Por aquel muchacho conocí a Carlos: como si atravesando un puente de goma que amenazaba derrumbarse en cualquier momento, llegara a un territorio durísimo y mineral, un continente basáltico con formidables volcanes pronto a estallar. Con los años observé cuántas veces hay seres que sólo sirven de transitorios puentes para dos personas que luego han de mantener una vinculación profunda y decisiva: como esos puentes frágiles que improvisan los ejércitos sobre un abismo, y que son recogidos una vez que las tropas los han pasado.

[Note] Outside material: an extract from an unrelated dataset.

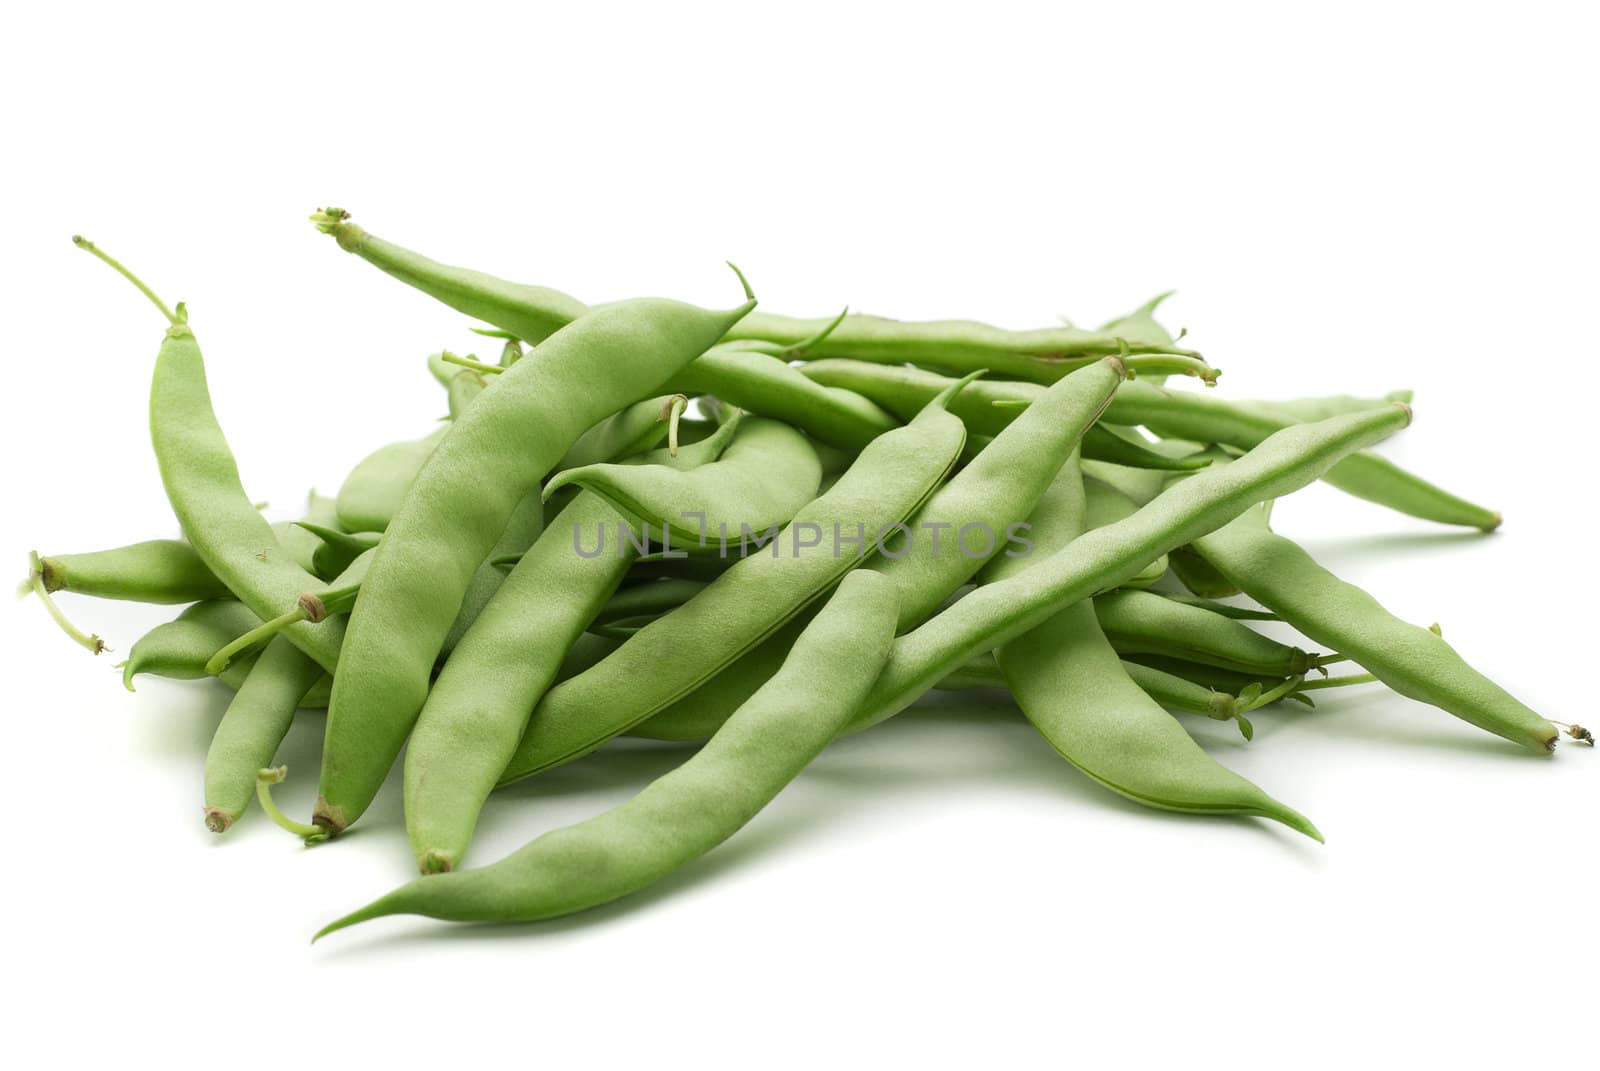 Bunch of fresh green beans isolated on white background by GennadiyShel

Lo encontré una noche en la pieza de Max. A mi llegada se callaron. Me lo presentó, pero sólo alcancé a distinguir su nombre. Creo que su apellido era italiano. Era un muchacho muy flaco, de ojos saltones. Había algo duro y áspero en su rostro y en sus manos, y me pareció violentamente contenido y reconcentrado. Parecía haber sufrido mucho, y además de su visible pobreza existían en su espíritu, seguramente, otras causas de angustia y de sufrimiento. Pensando más tarde sobre él, cuando por su contacto con Fernando me despertó intenso interés, me pareció que era puro espíritu, como si su carne hubiese sido calcinada por la fiebre; como si su cuerpo, atormentado y quemado, se hubiera reducido a un mínimo de huesos y de piel, y a unos pocos pero durísimos músculos para moverse y para soportar la tensión de su existencia. No hablaba, y sus ojos ardían de pronto con el fuego de la indignación, mientras sus labios, como cortados a cuchillo en su cara rígida, se apretaban para cerrar grandes y angustiosos secretos.